Data extract
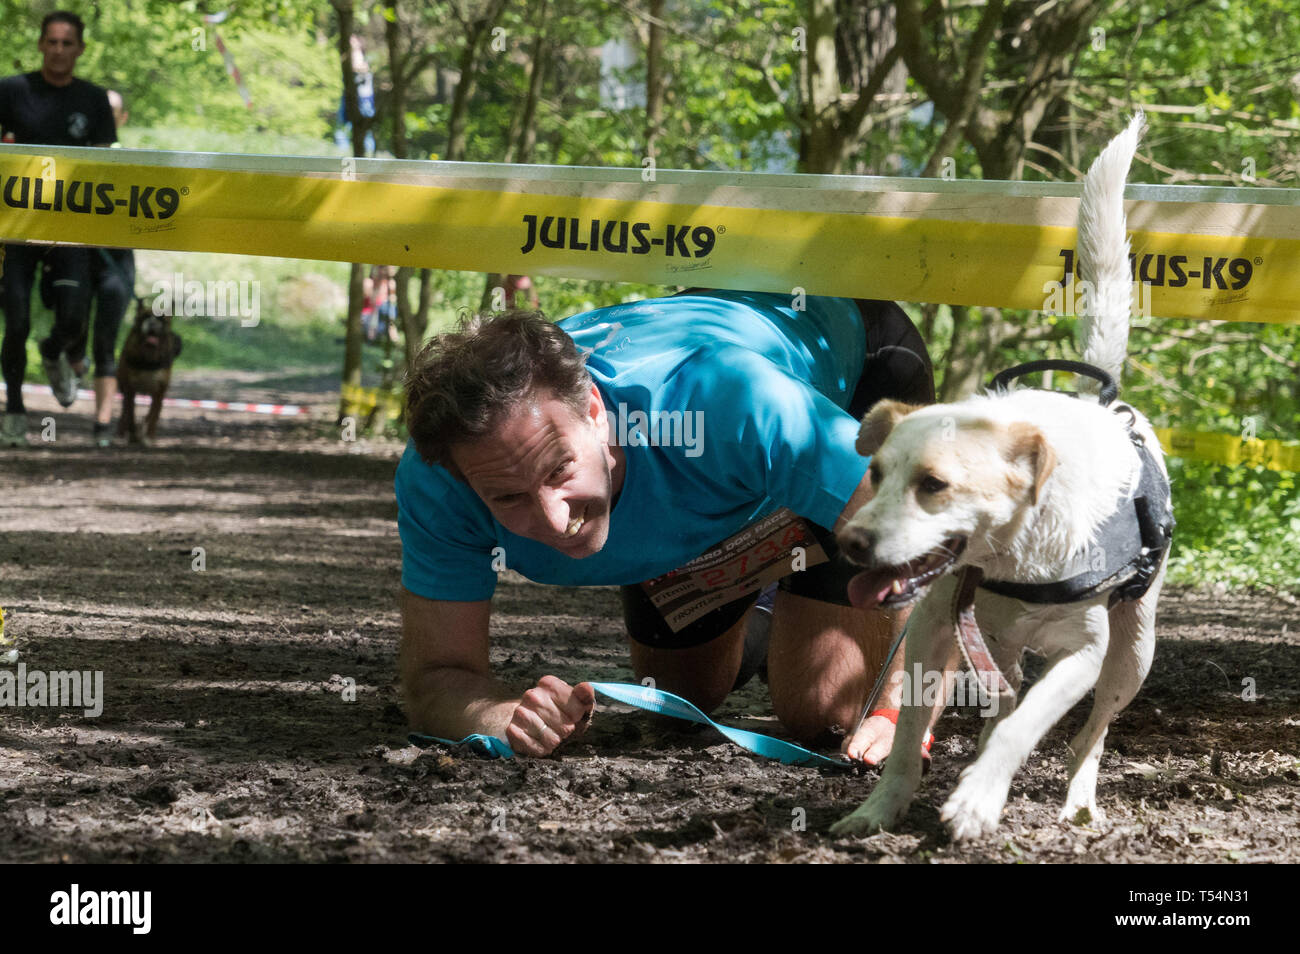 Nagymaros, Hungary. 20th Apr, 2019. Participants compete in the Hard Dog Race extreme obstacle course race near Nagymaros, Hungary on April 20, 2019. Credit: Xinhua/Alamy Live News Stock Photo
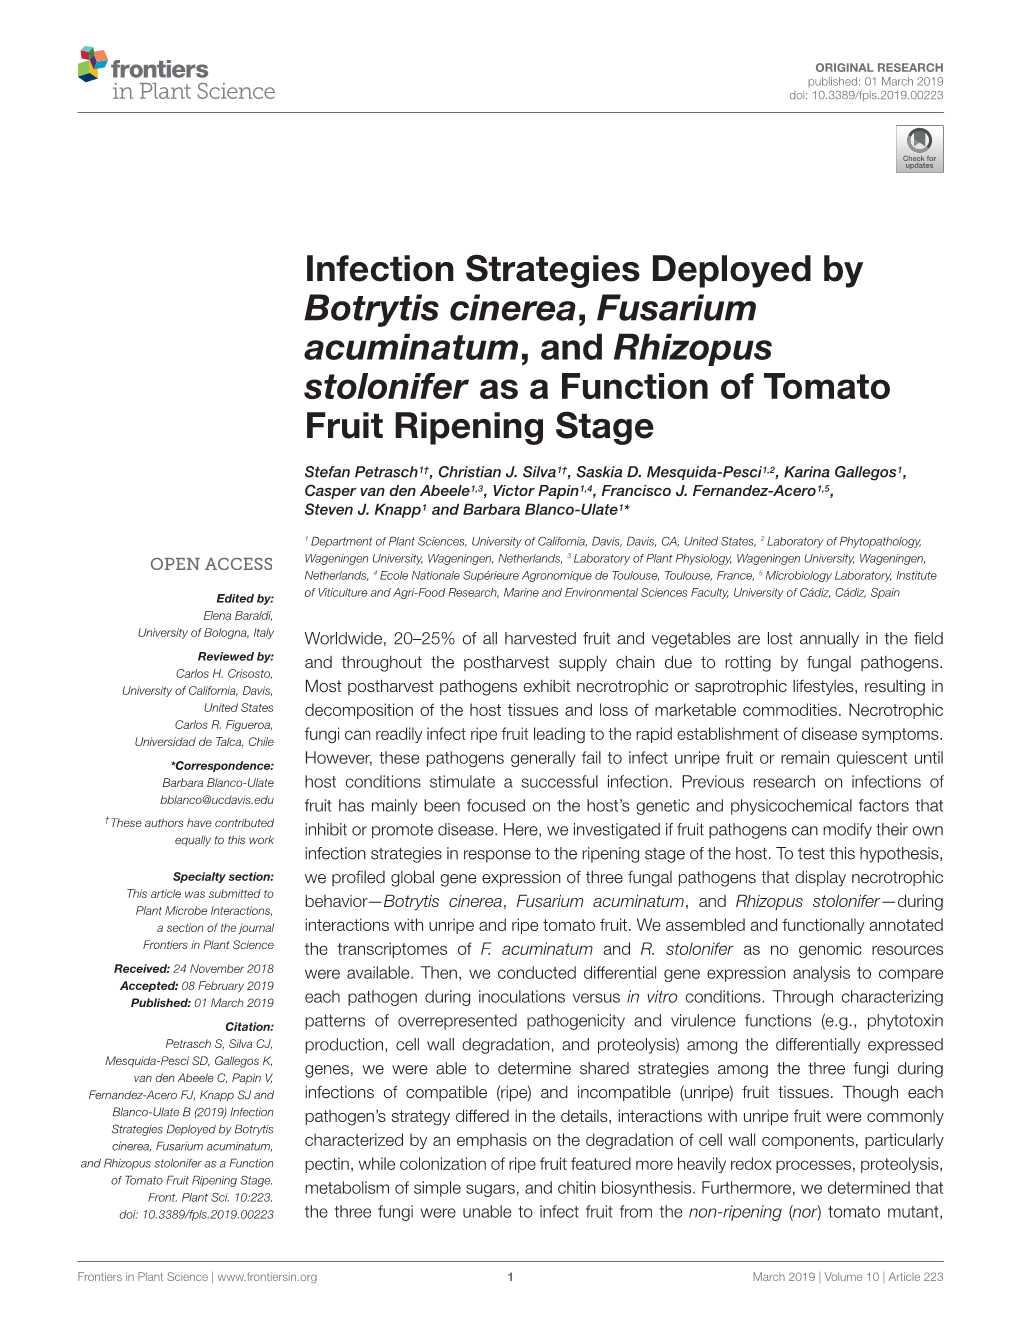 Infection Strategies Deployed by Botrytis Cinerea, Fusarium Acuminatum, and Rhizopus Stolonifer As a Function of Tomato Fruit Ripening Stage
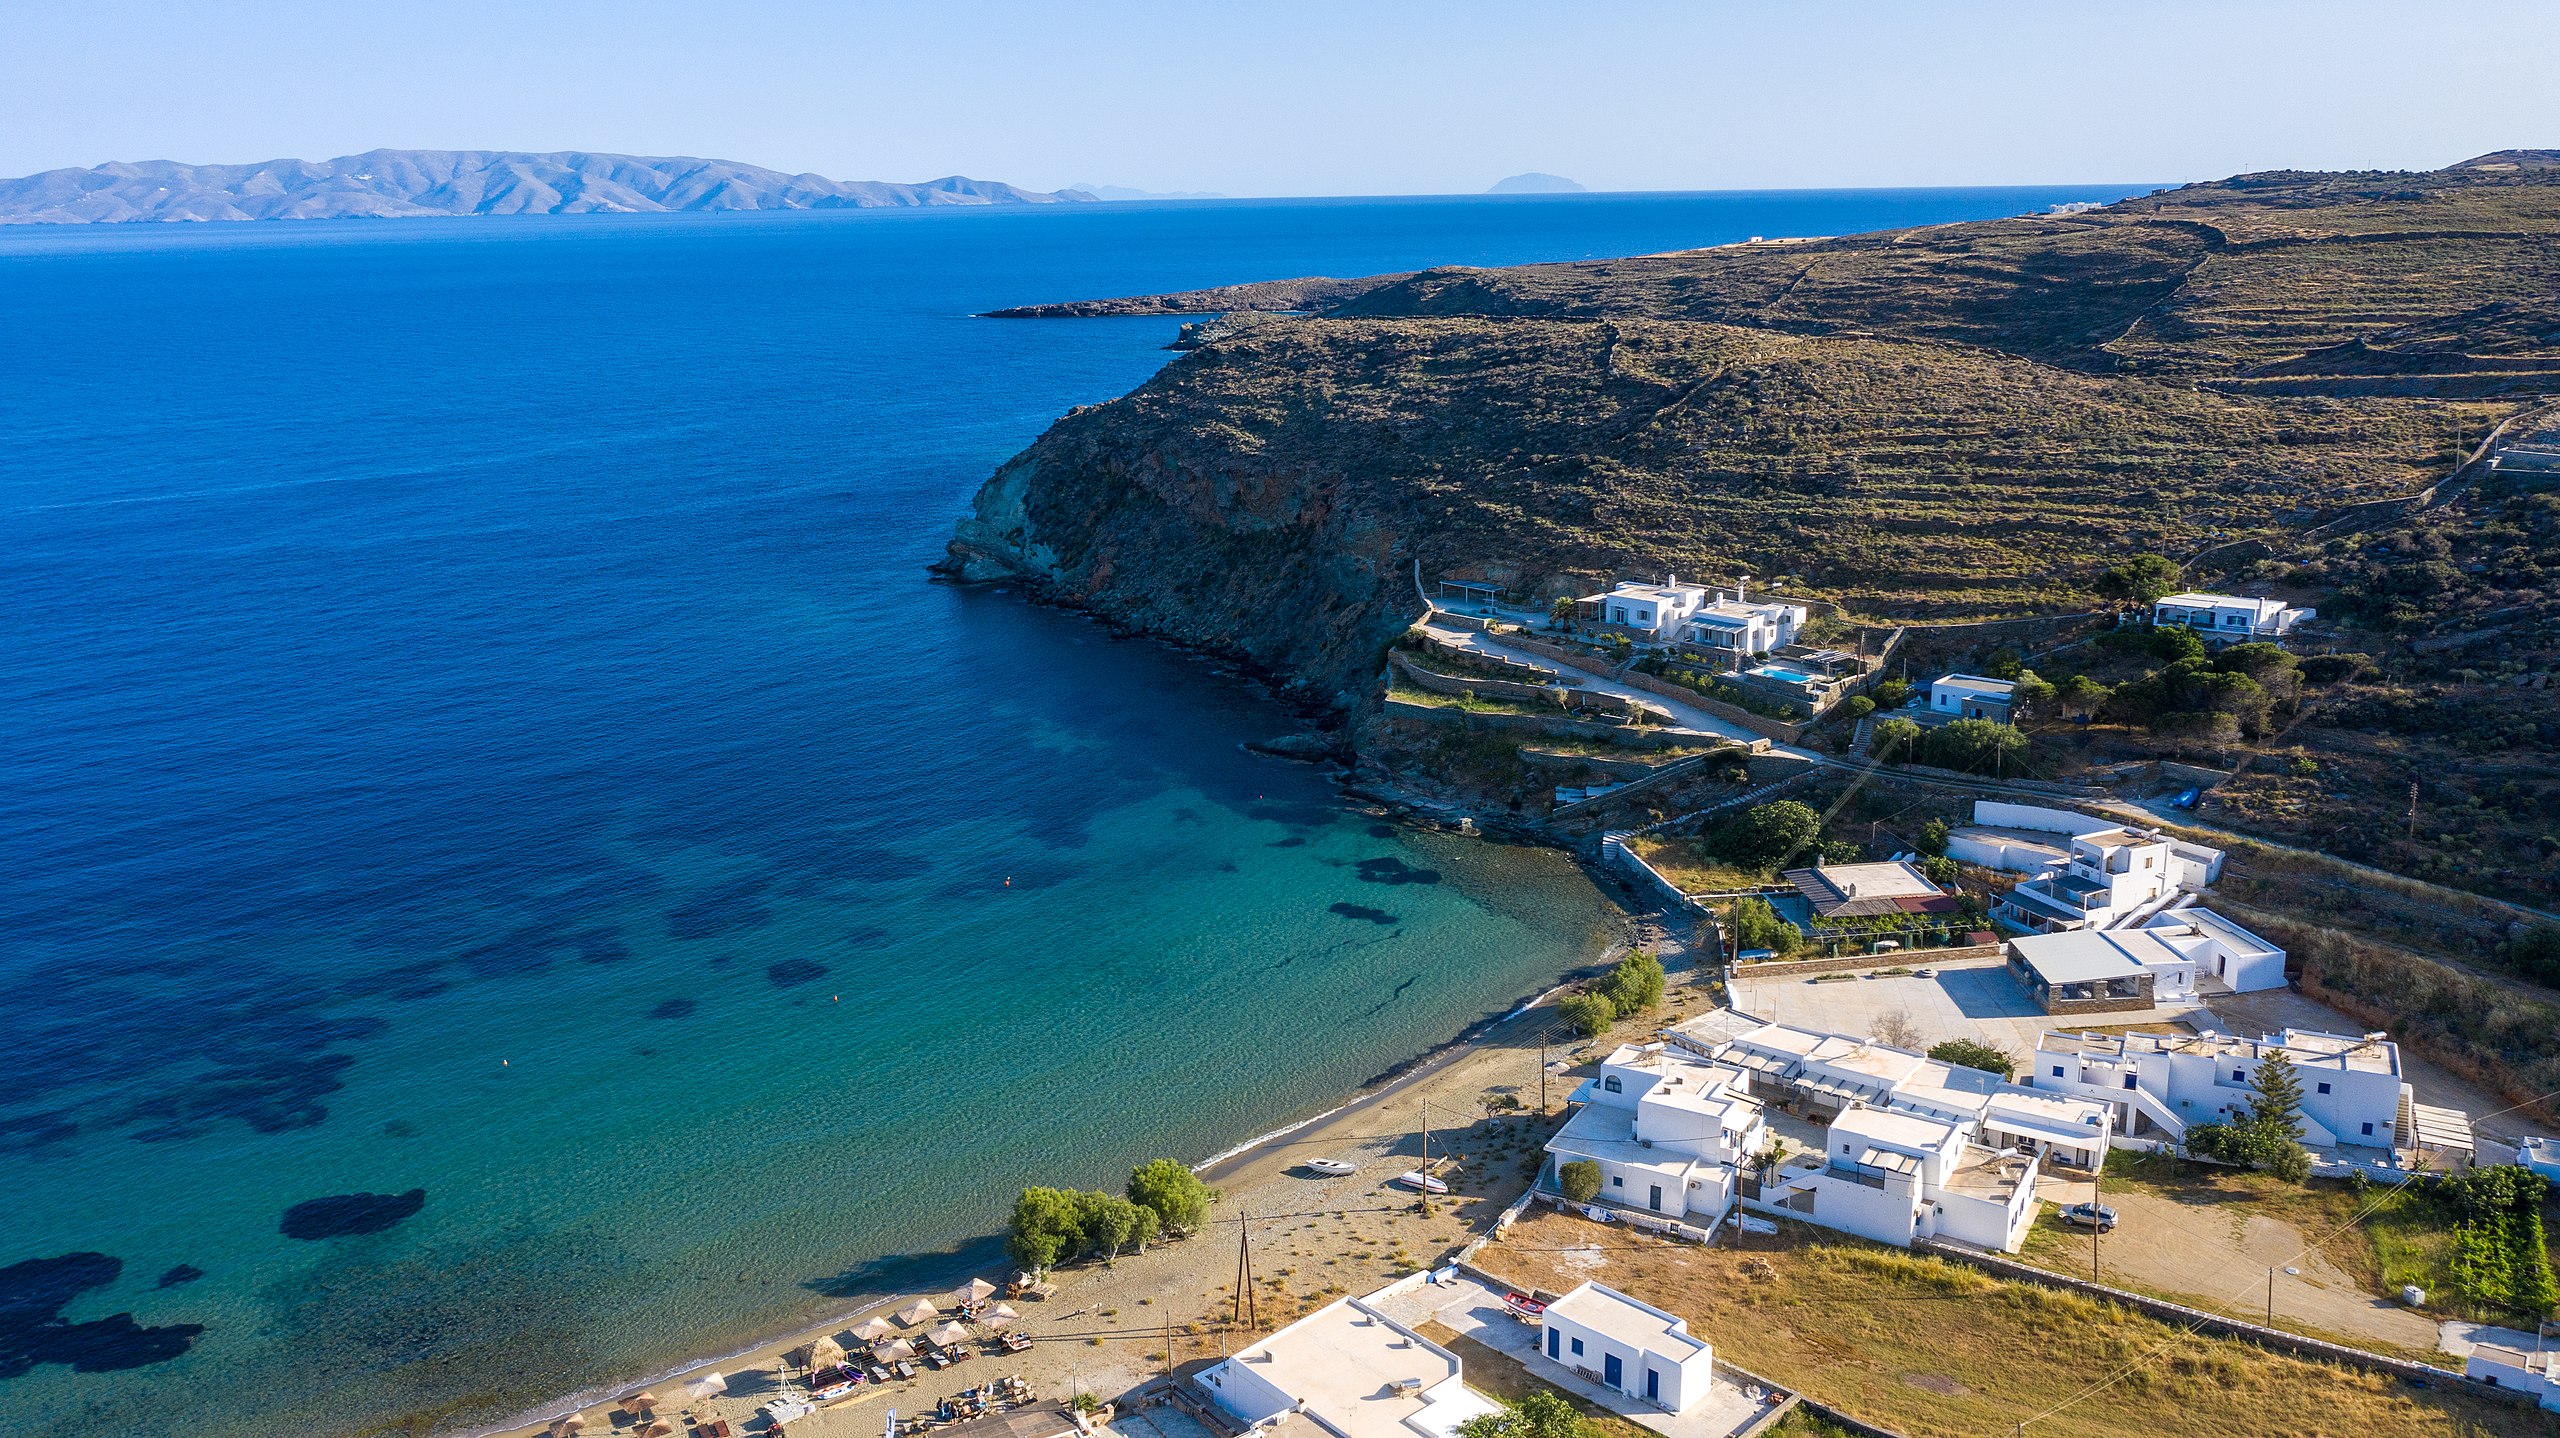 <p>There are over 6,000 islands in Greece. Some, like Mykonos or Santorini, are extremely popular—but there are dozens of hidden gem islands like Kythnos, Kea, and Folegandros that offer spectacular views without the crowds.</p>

What the task asks
"Infection Strategies Deployed" marks the first line to copy; copy that line and every line after it through the last line of the listing, exactly and without pictures.

Task solution
 Infection Strategies Deployed by Botrytis Cinerea, Fusarium Acuminatum, and Rhizopus Stolonifer As a Function of Tomato Fruit Ripening Stage
 <p>There are over 6,000 islands in Greece. Some, like Mykonos or Santorini, are extremely popular—but there are dozens of hidden gem islands like Kythnos, Kea, and Folegandros that offer spectacular views without the crowds.</p>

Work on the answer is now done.